Data segment ::

*****

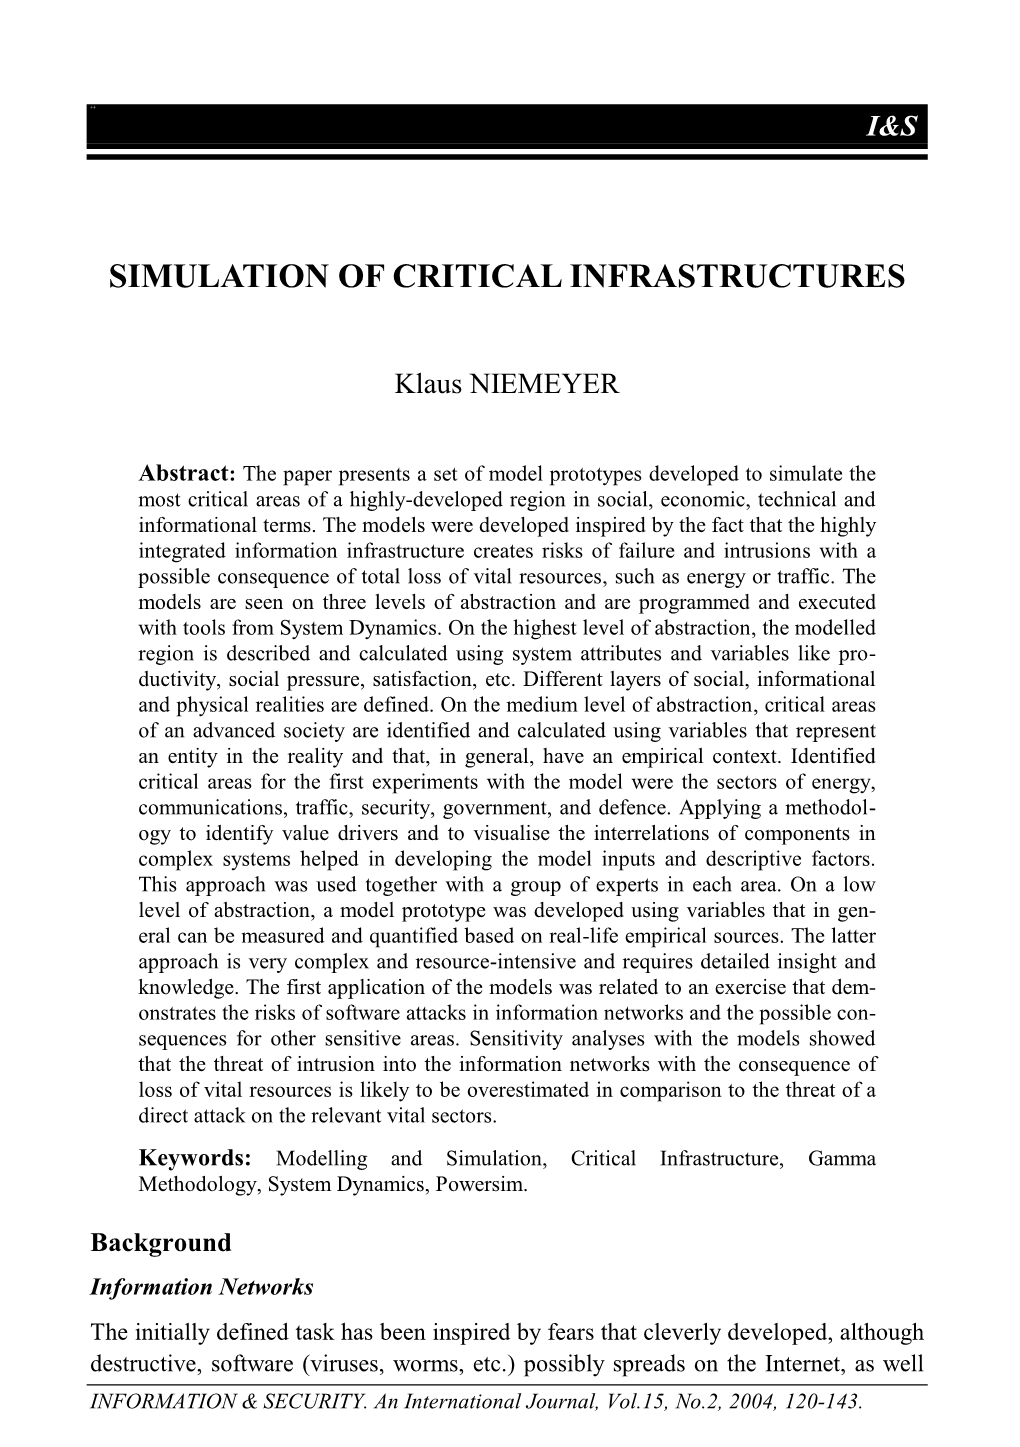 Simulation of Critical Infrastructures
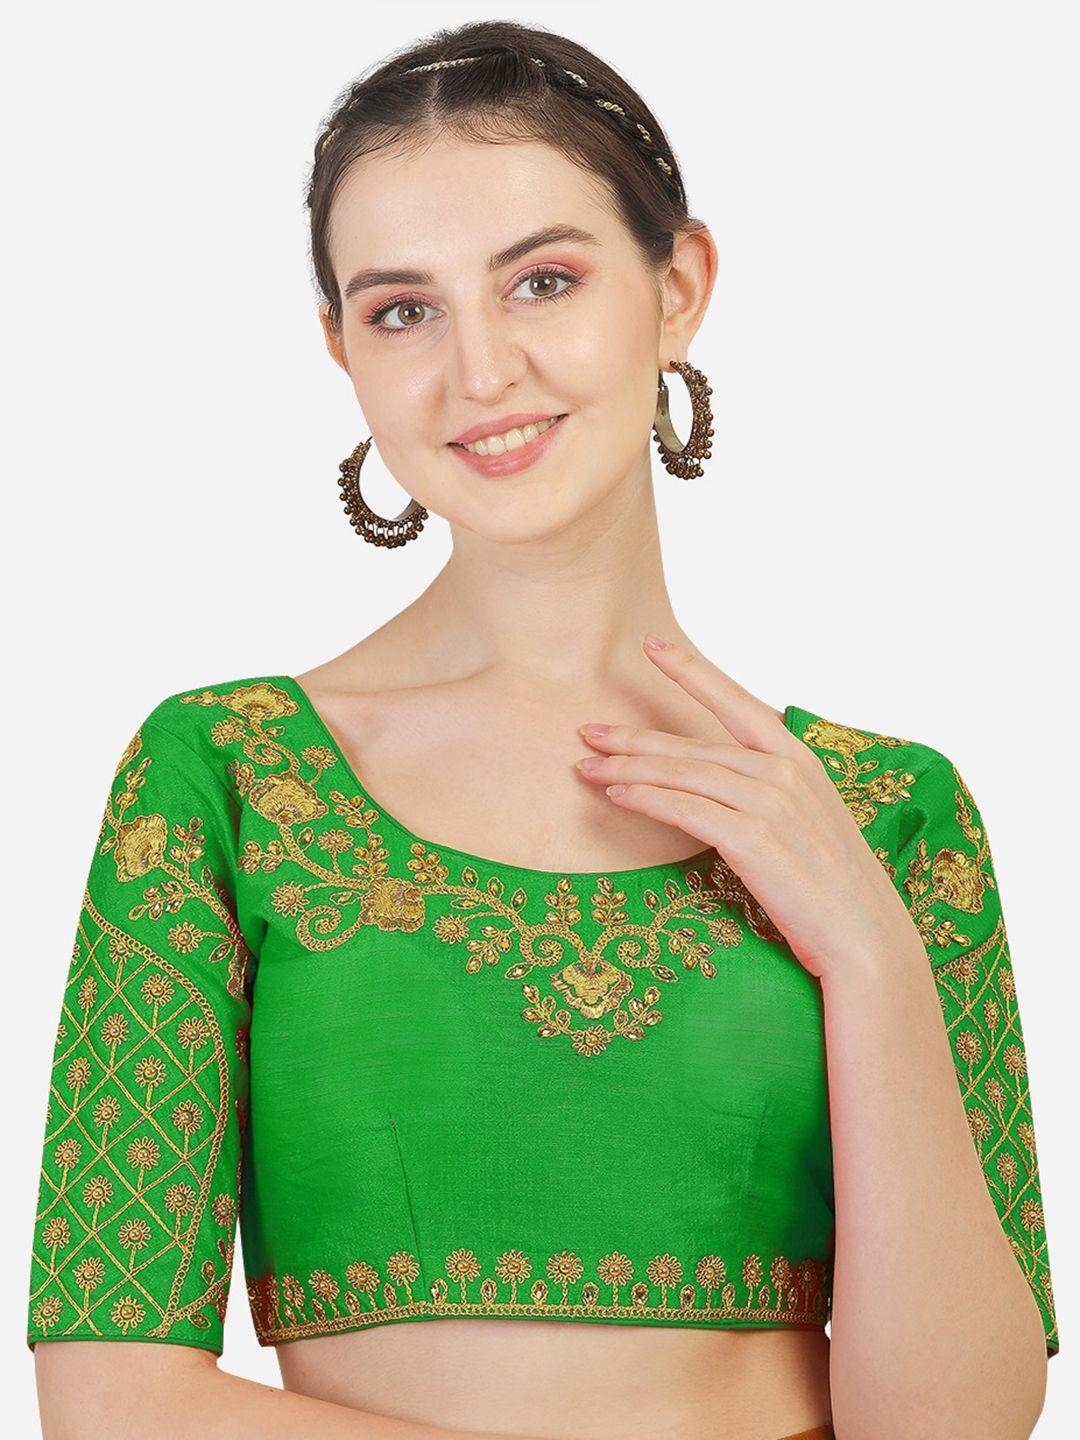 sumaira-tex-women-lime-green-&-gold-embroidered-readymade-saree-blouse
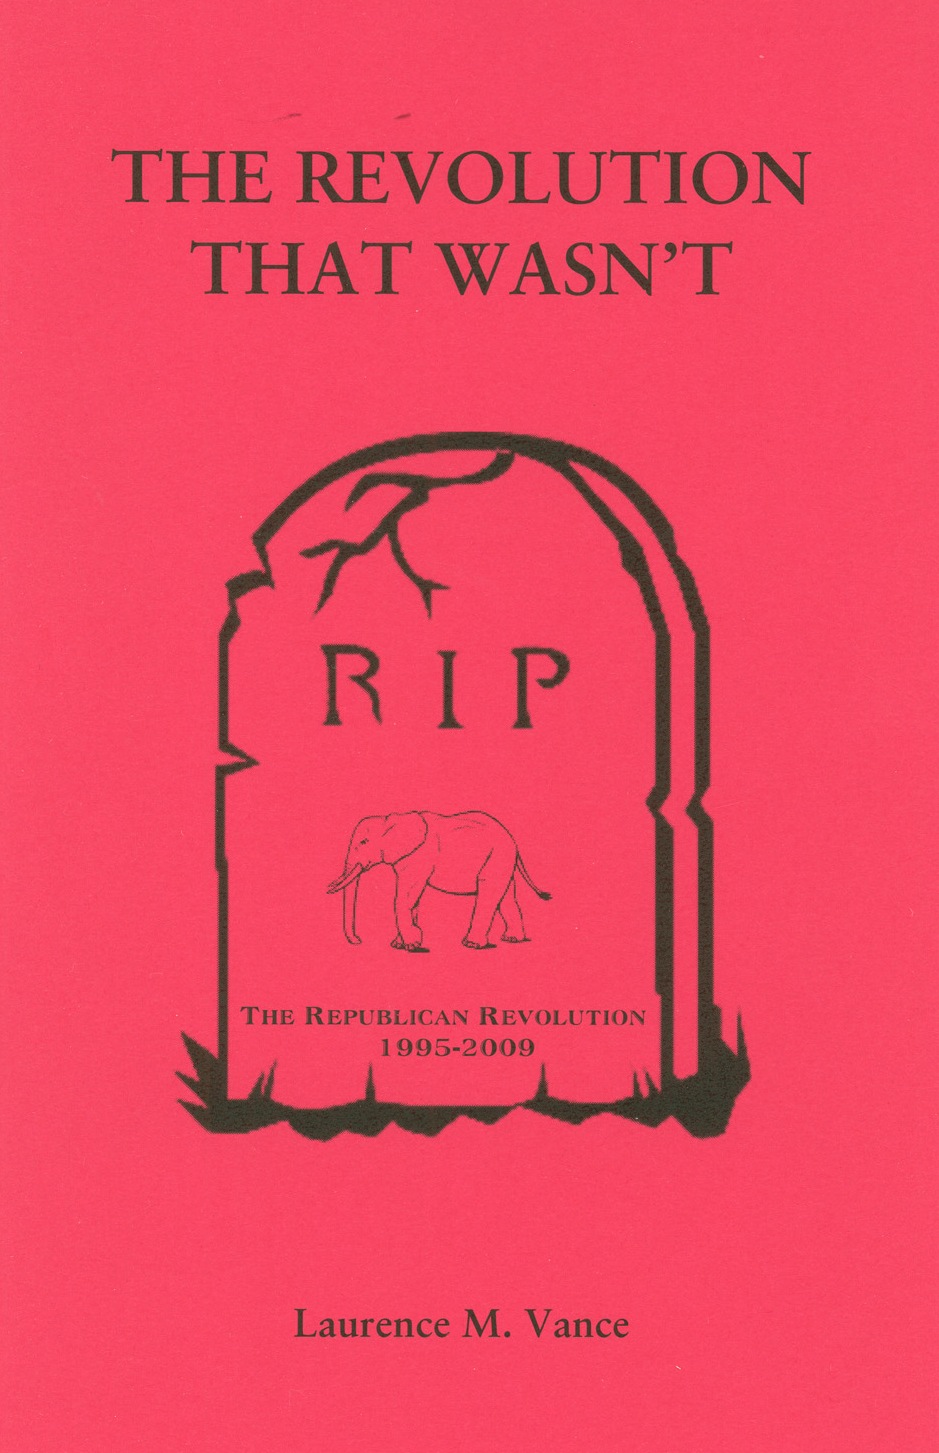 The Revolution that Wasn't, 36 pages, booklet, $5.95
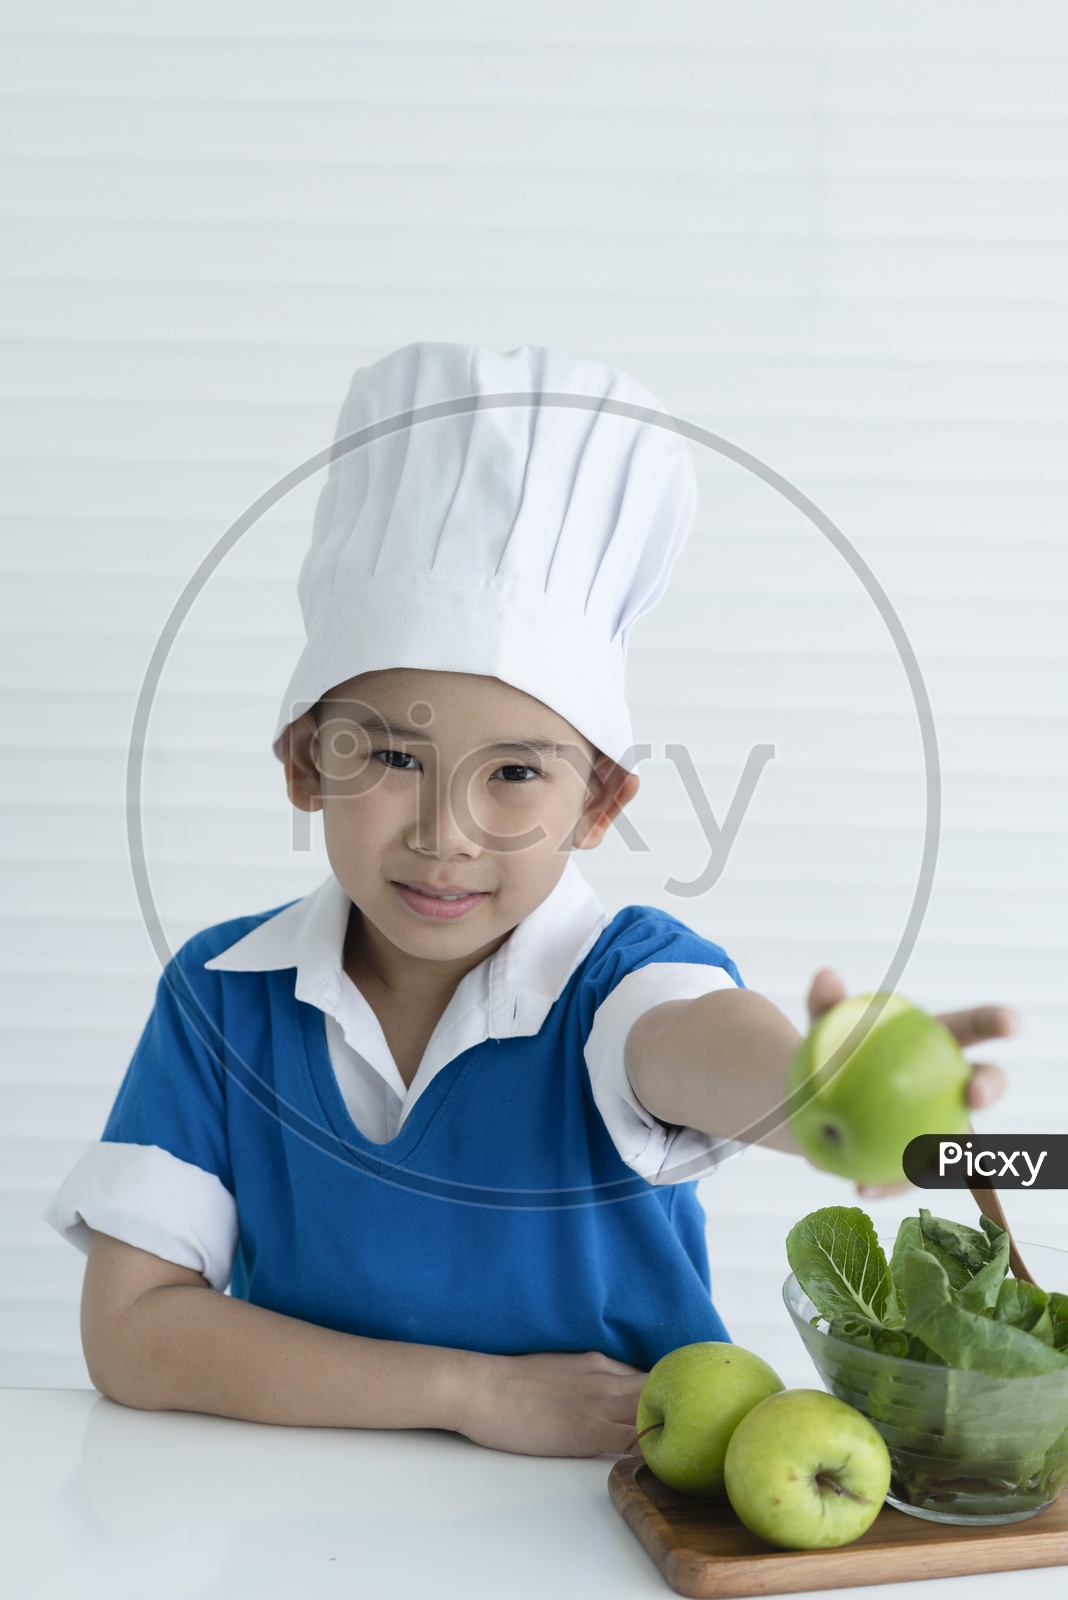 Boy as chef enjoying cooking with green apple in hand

*****

Task prompt ::
The expected result is the complete listing above, printed exactly, with no pictures.

Solved problem ::
 Simulation of Critical Infrastructures
 sumaira-tex-women-lime-green-&-gold-embroidered-readymade-saree-blouse
 The Revolution that Wasn't, 36 pages, booklet, $5.95
 Boy as chef enjoying cooking with green apple in hand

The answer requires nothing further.